A última vez que ouvimos a frase coletivamente foi “Molinaa, que gol!” (ou uma versão dela) esteve na Copa do Mundo de 2022 e você provavelmente não se lembra do fim. Não te culpe, pois aconteceu no final de uma das maiores assistências de Lionel Messi de todos os tempos. Olha, agora você se lembra do gol (aquele passe reverso impossível e sem olhar na corrida), mas a maioria de nós ainda luta para lembrar como Molina finalizou lindamente: avançando em seu ritmo e ultrapassando um defensor que avançava.

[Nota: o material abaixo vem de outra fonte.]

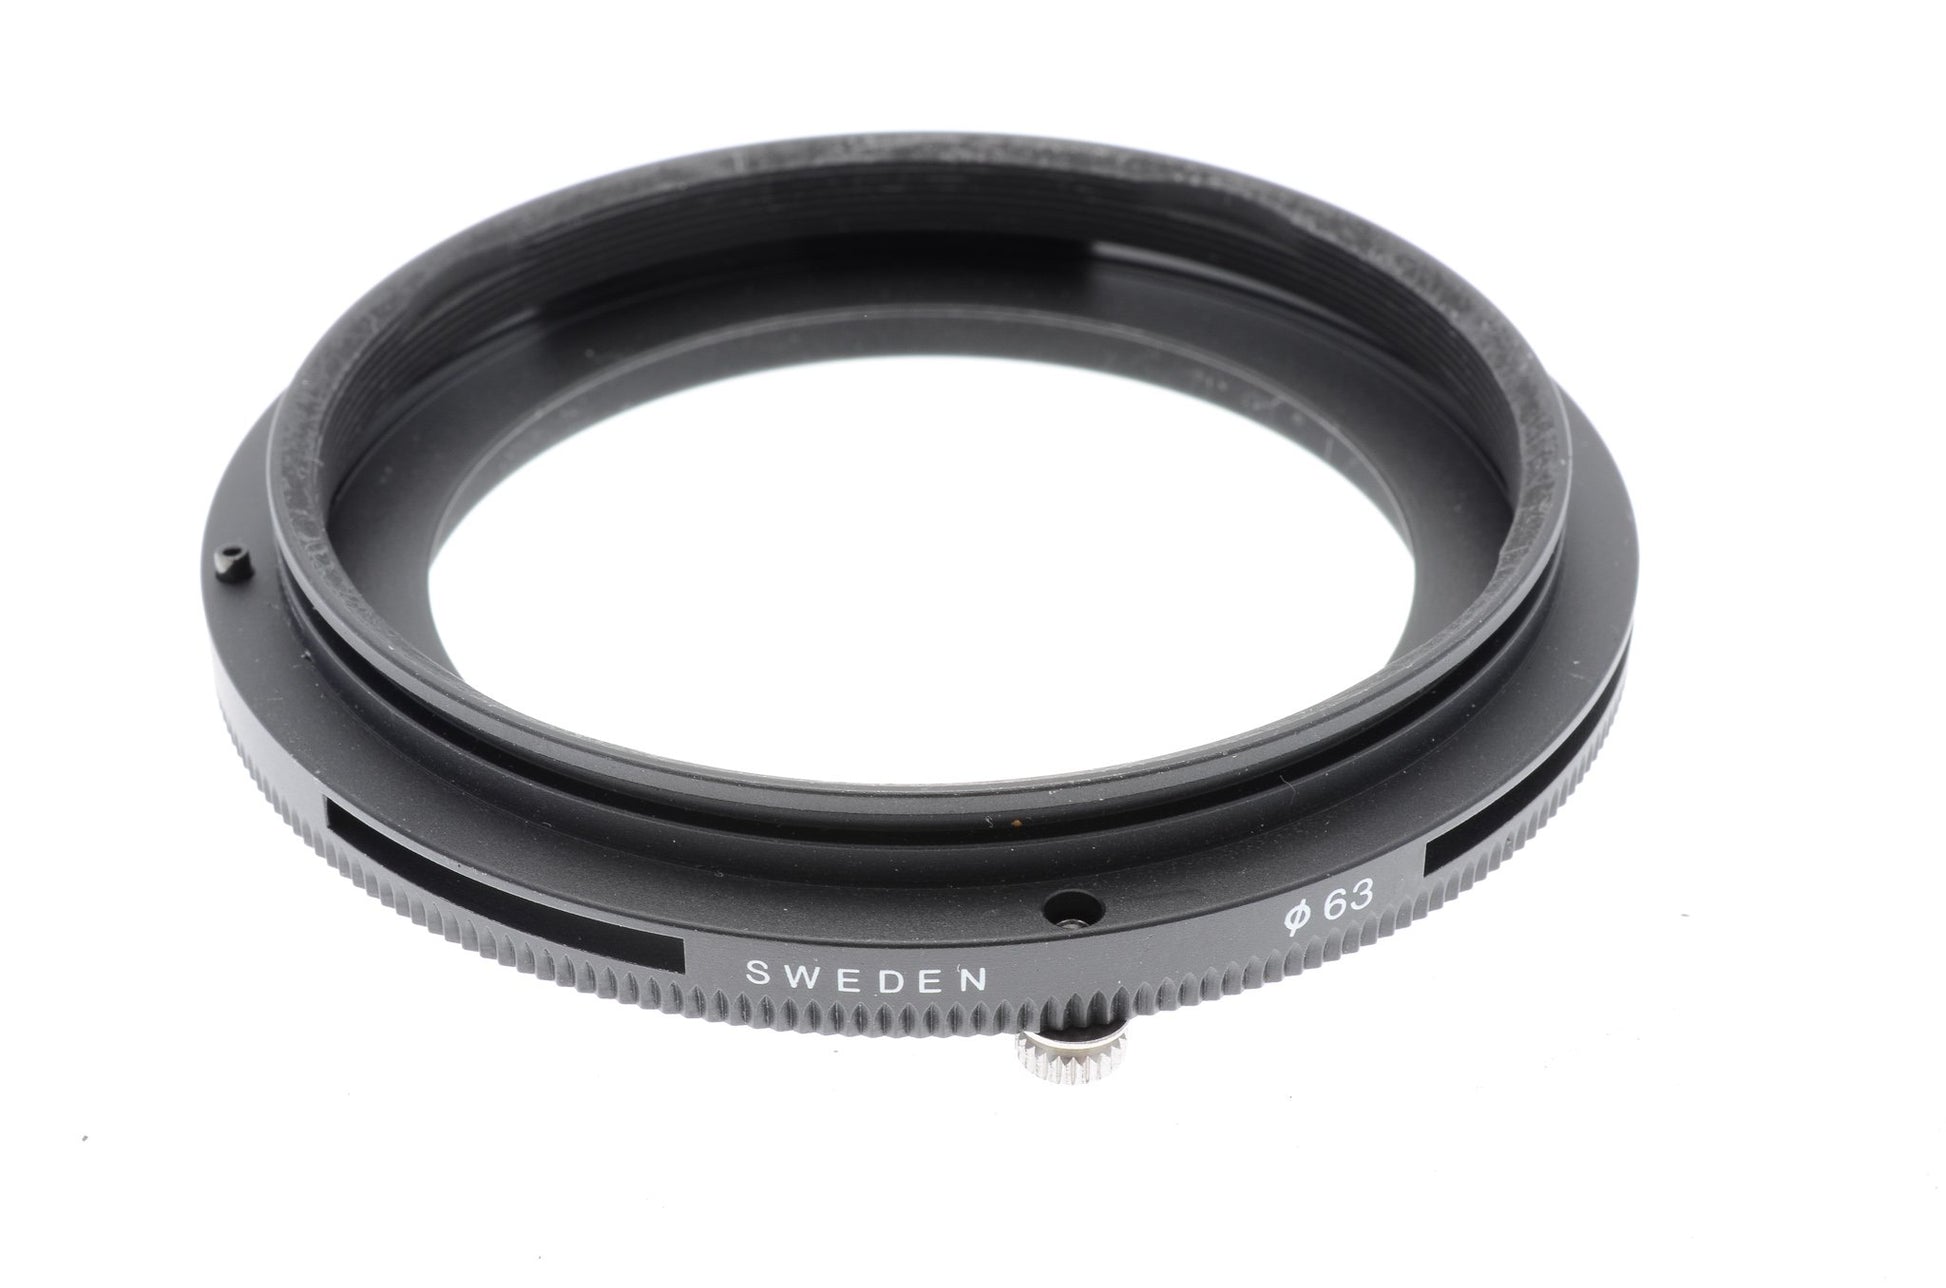 Hasselblad 63mm Lens Mounting Ring for Pro Shade 40676 - Accessory

O próprio Nahuel Molina pouco fez para nos lembrar dessa finalização, porque Nahuel Molina realmente não marca gols. Este é o seu único gol na Copa do Mundo pela Argentina (em 56 partidas). Nas últimas duas temporadas, ele marcou uma vez (uma finalização à queima-roupa contra o PSG) em 79 jogos pelo Atlético de Madrid em todas as competições antes deste fim de semana.
Afinal, ele passou de titular garantido a jogador de entrada e saída de Diego Simeone (apenas 11 partidas em 28 jogos do campeonato nesta temporada): o que significa que ele não estava no centro das atenções na janela de transferências de janeiro, exceto por rumores de transferência alimentados por seu tempo de jogo reduzido.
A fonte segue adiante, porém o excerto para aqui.